This 5-day course will introduce students to the R statistical programming environment. The main learning objective of the course is to give students a basic skill set and familiarity with several of the most used packages in the biological sciences. It is intended primarily for users who have no experience in R, or who have performed a few basic functions but wish to develop their skills. This course is not aimed at students with extensive experience in R and it will not cover the theory behind the analyses implemented.
The typical day of the course will include step-by-step examination of pre-worked code examples as well as hands-on live-coding, so that students develop their skills through interacting with R directly. Students will learn to read in data, conduct common analyses, and produce publication-quality plots and reports. The students will also work independently on conducting analyses in order to produce a final project using available data provided by the course organisers.
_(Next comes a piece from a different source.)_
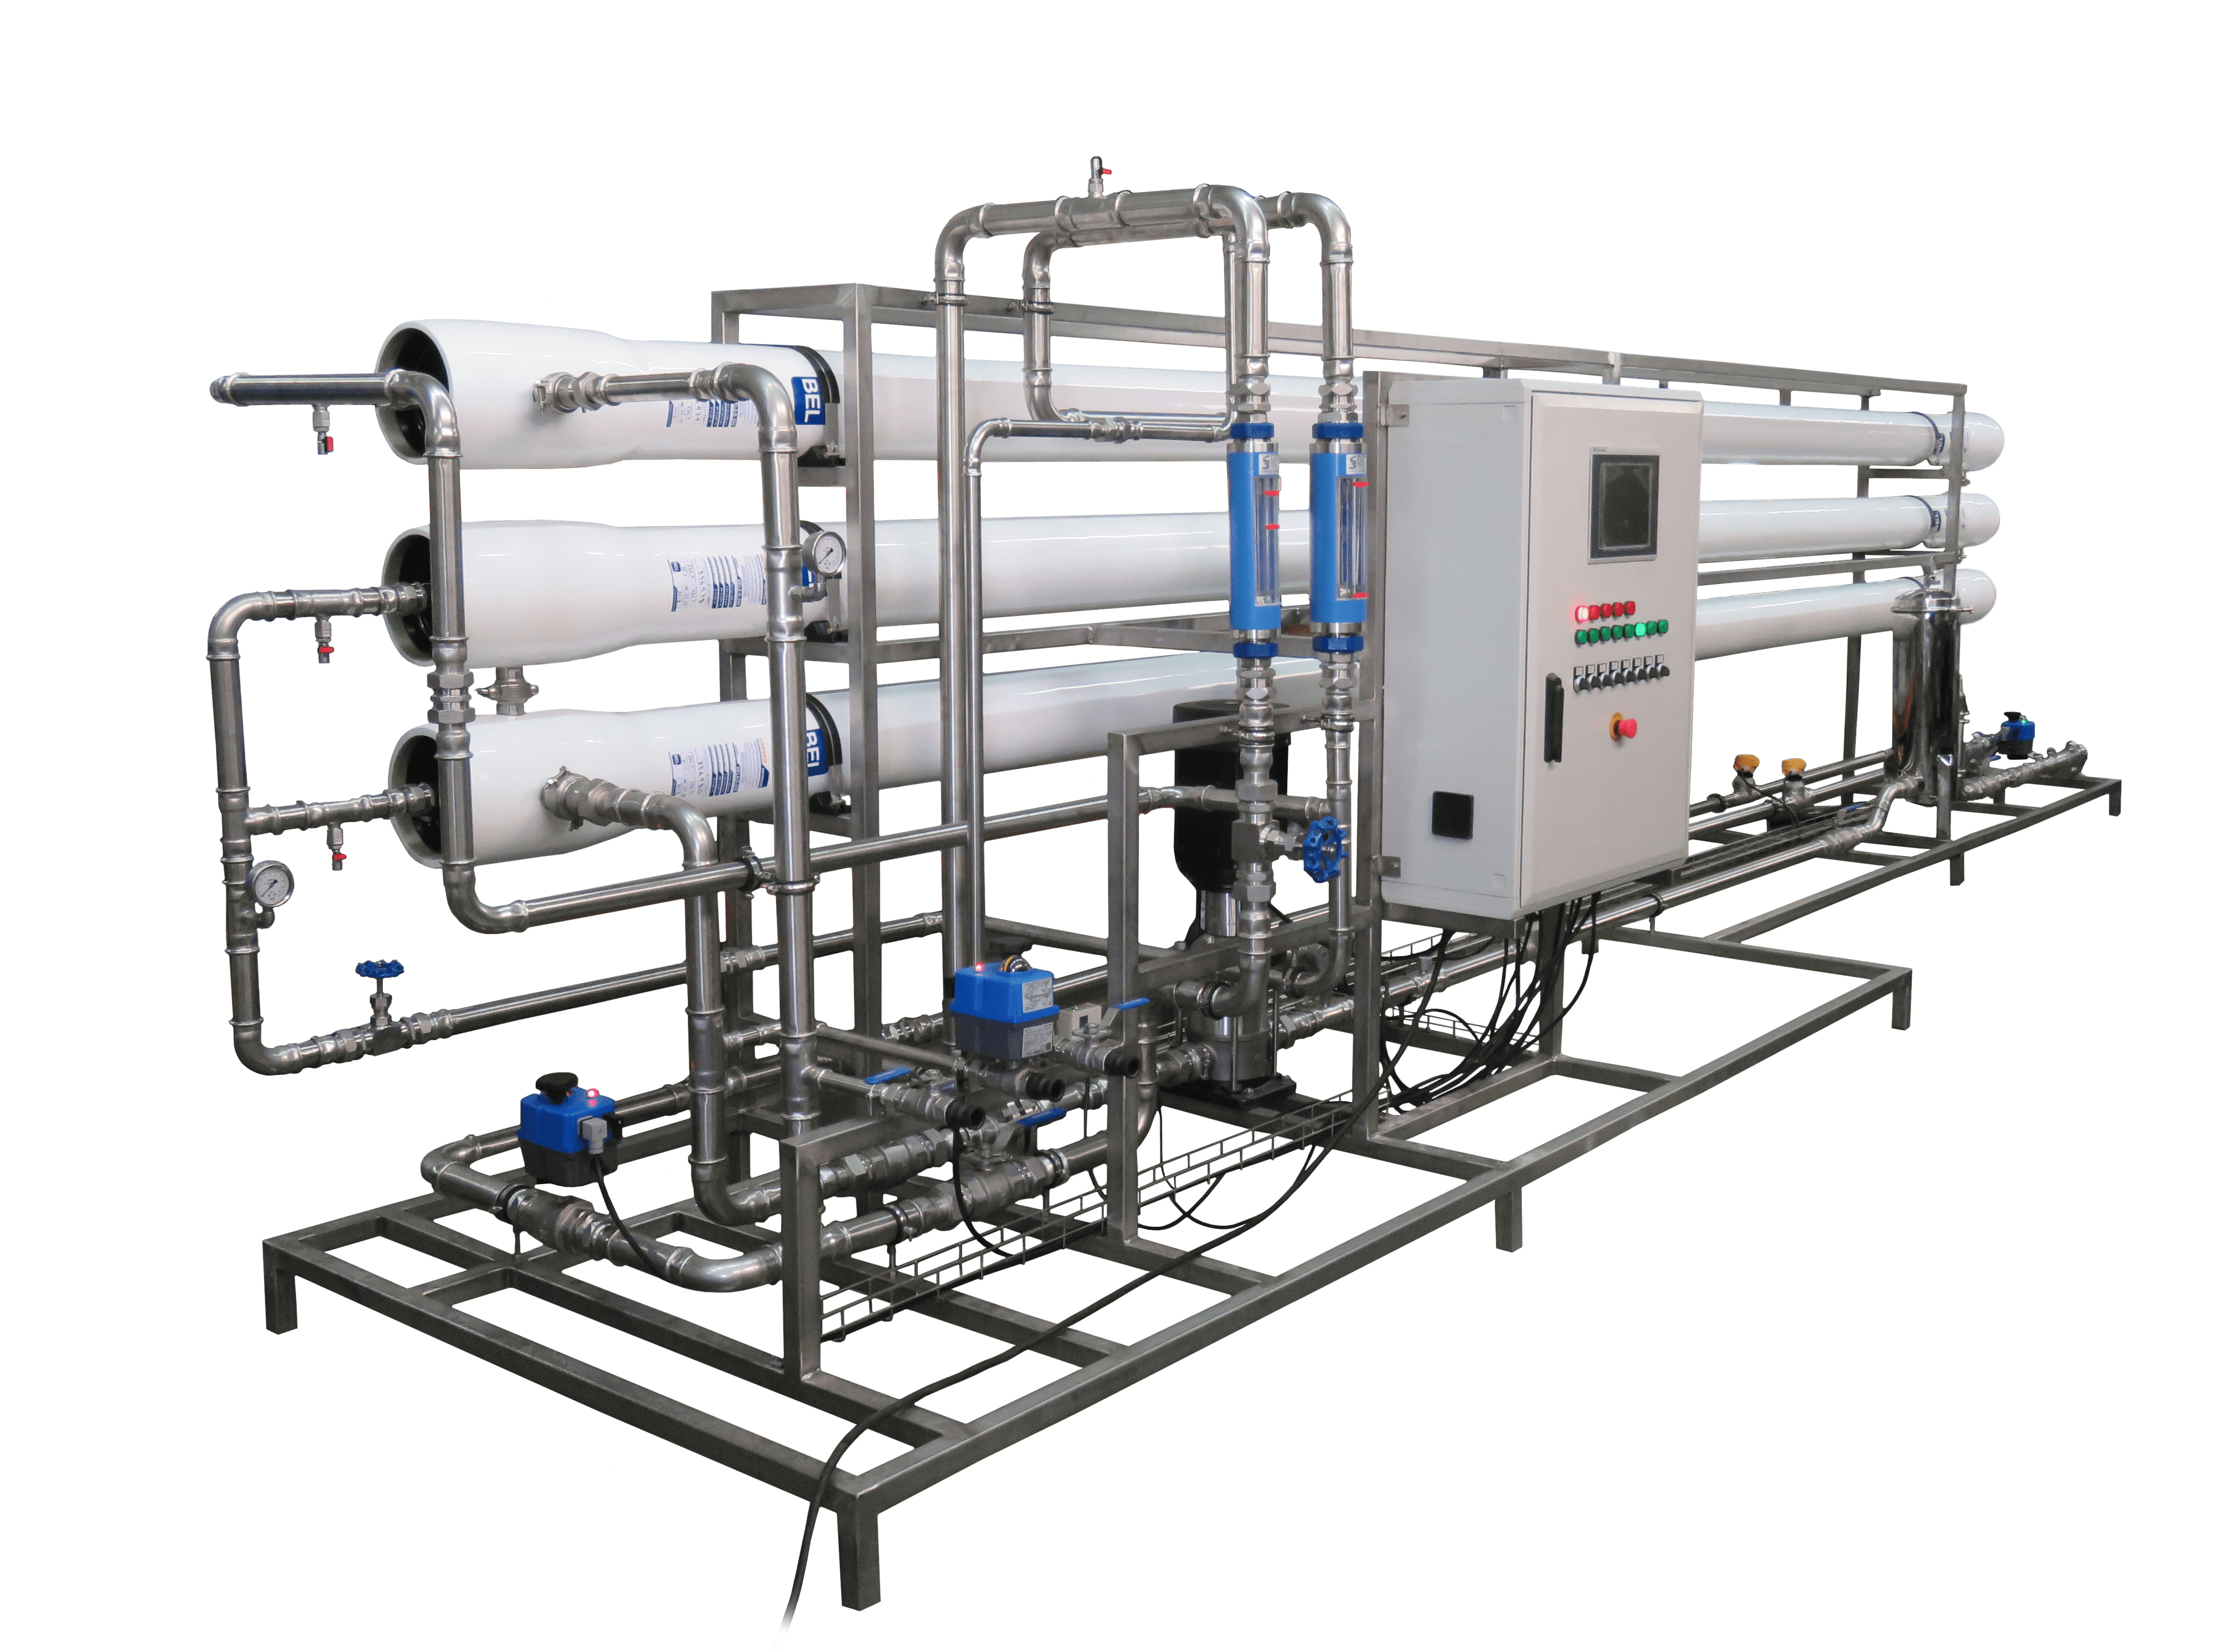 Water treatment for the company Aguas Mexico – Dominican Republic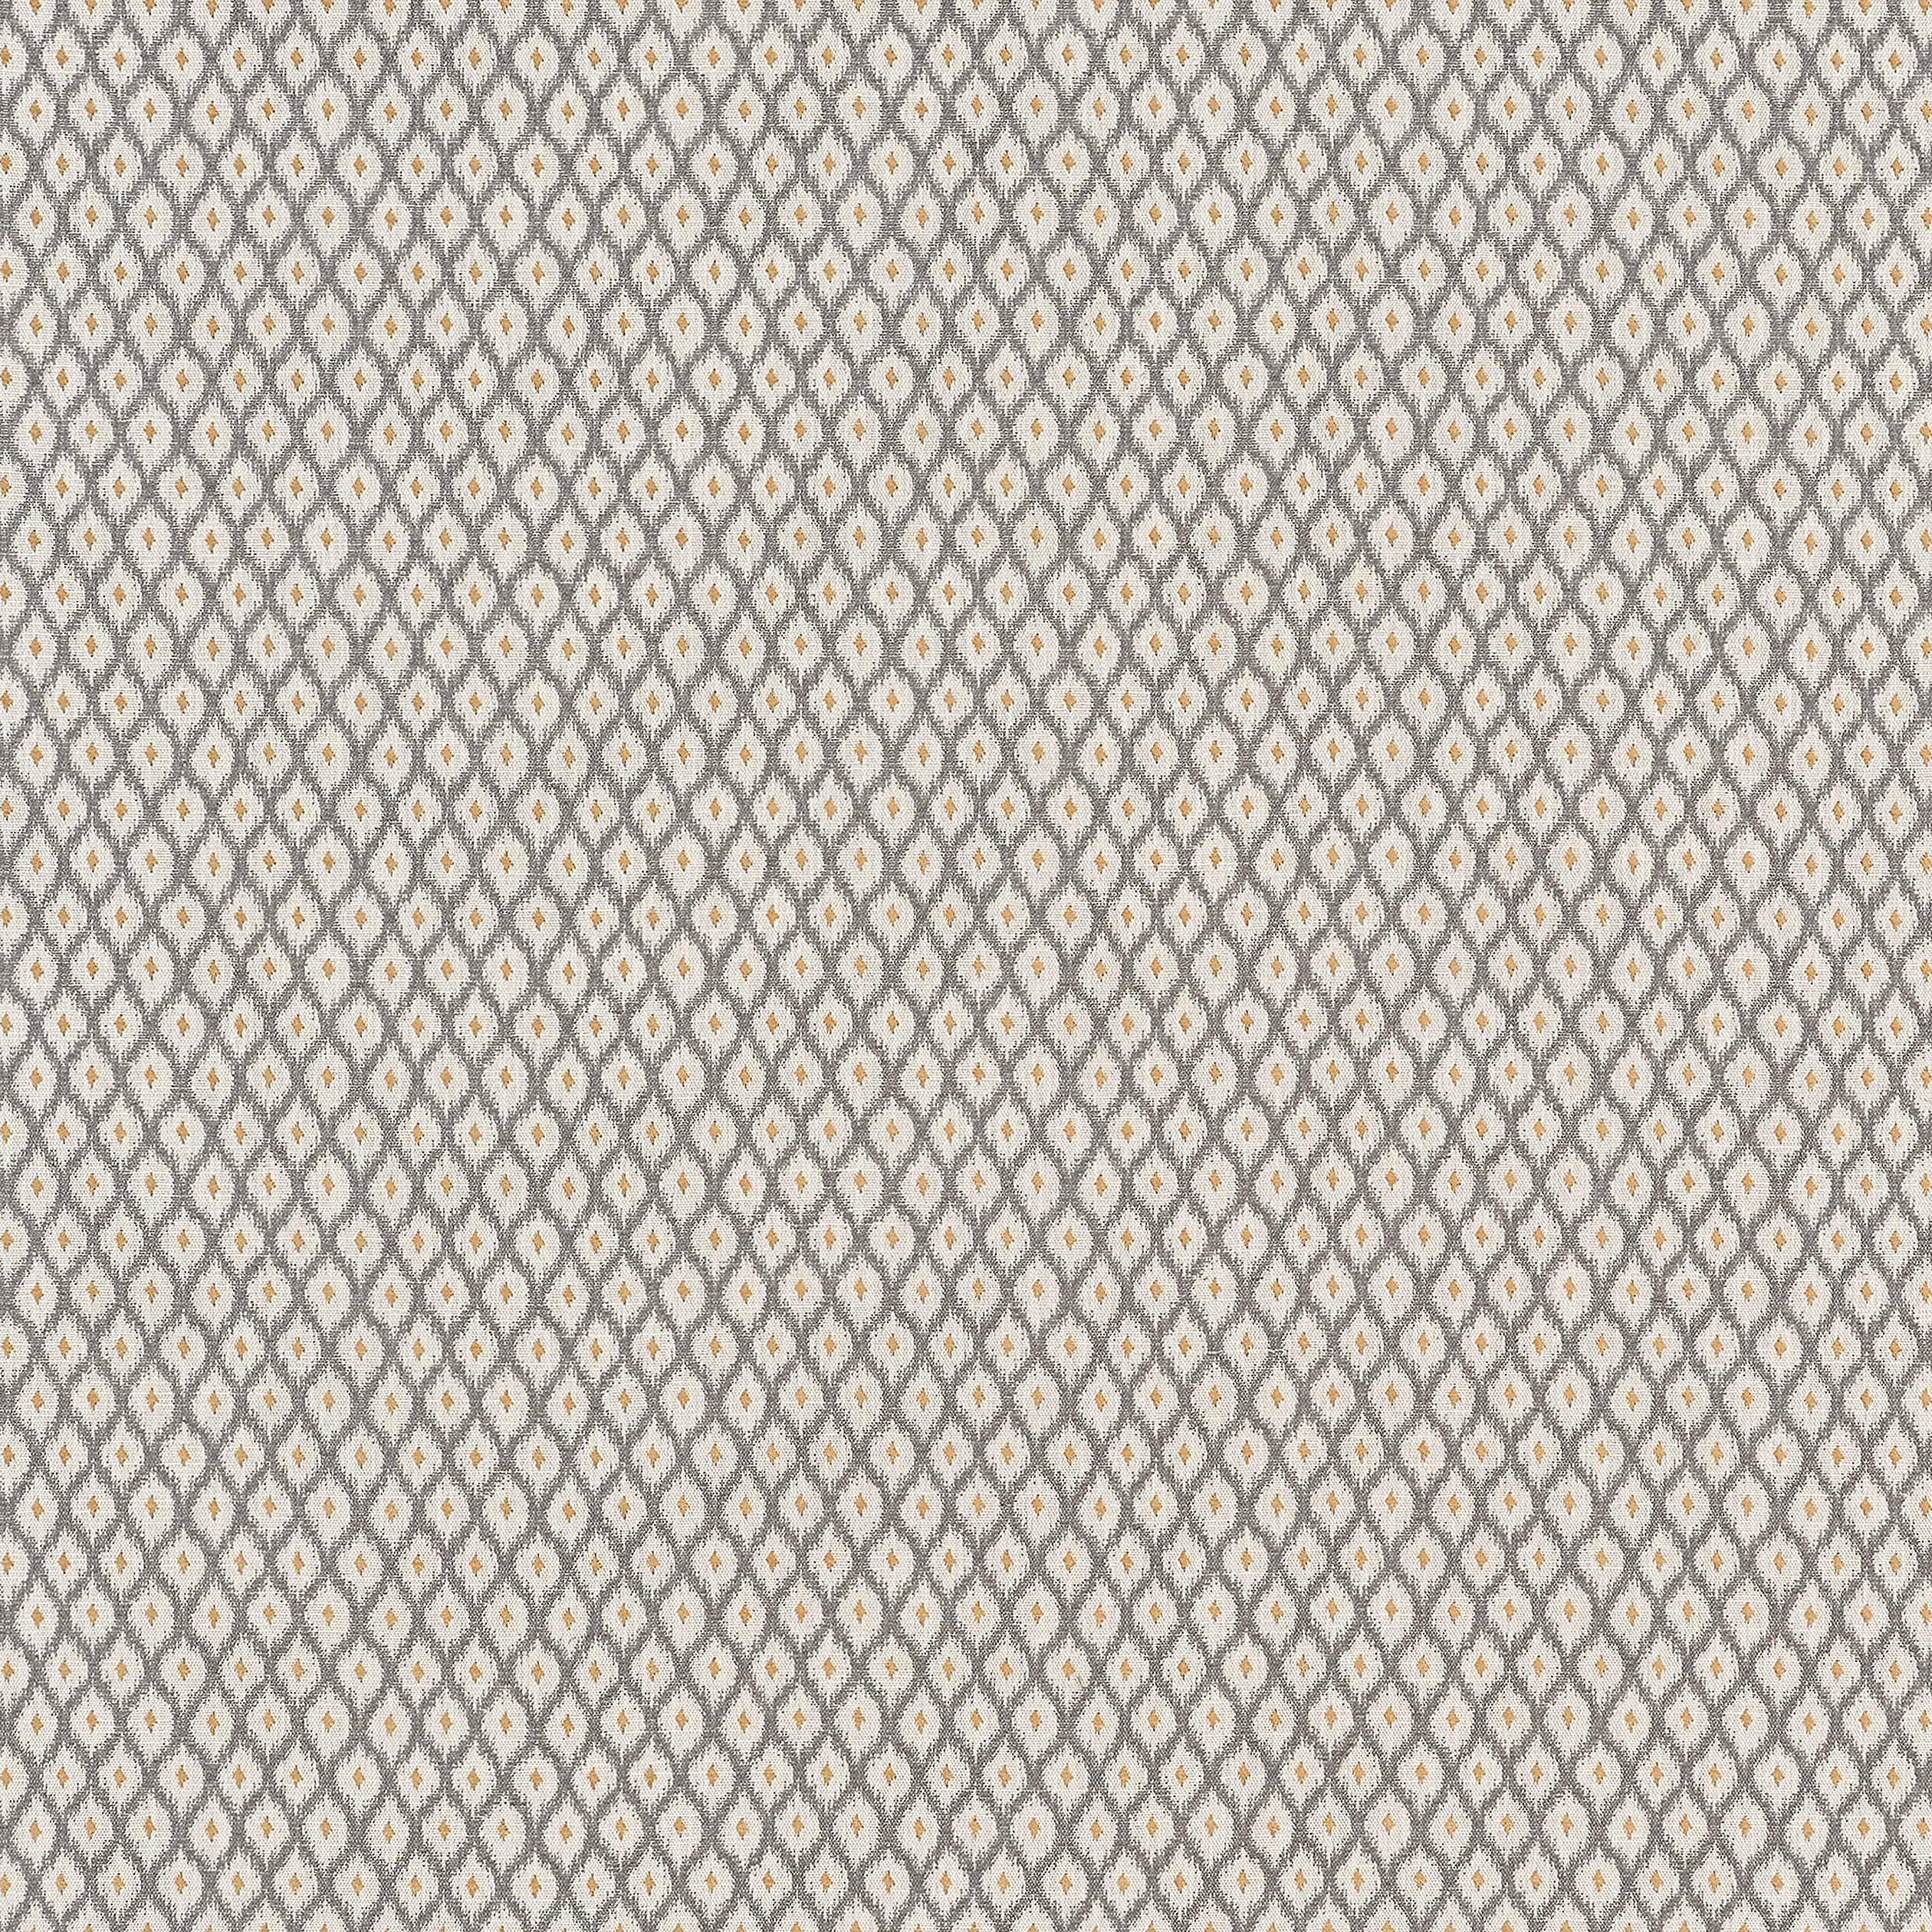 Josephine fabric in smoke color - pattern number W81902 - by Thibaut in the Companions collection

It is intended primarily for users who have no experience in R, or who have performed a few basic functions but wish to develop their skills. This course is not aimed at students with extensive experience in R and it will not cover the theory behind the analyses implemented.
All participants must bring their own personal laptop.
Monday, July 17th, 2017. Intro to R.
- Introduction to the R statistical programming environment.
- Introduction to R Studio.
- Interacting with the console.
- Working with variables.
- Basic plots using qplot.
- Reading data files.
- Writing data files.
- Working with tables, data frames, and lists.
Tuesday, July 18th, 2017. Improving workflow and organization.
- Commenting your code.
- Control flow.
- What to do when your code isn’t working.
Wednesday, July 19th, 2017. Taking R to the next level.
- R packages.
- Project organization.
- Version control.
- R Markdown.
Thursday, July 20th, 2017. Making it pretty.
- Introduction to ggplot2.
- What’s in a ggplot object.
- Basic plot types.
- Customizing your plot.
- Creating and using themes.
- Using extensions.
Friday, July 21st, 2017. Problem solving / final project.
- T-test and linear models.
- Looking for help online.
- Bringing it all together in a final project.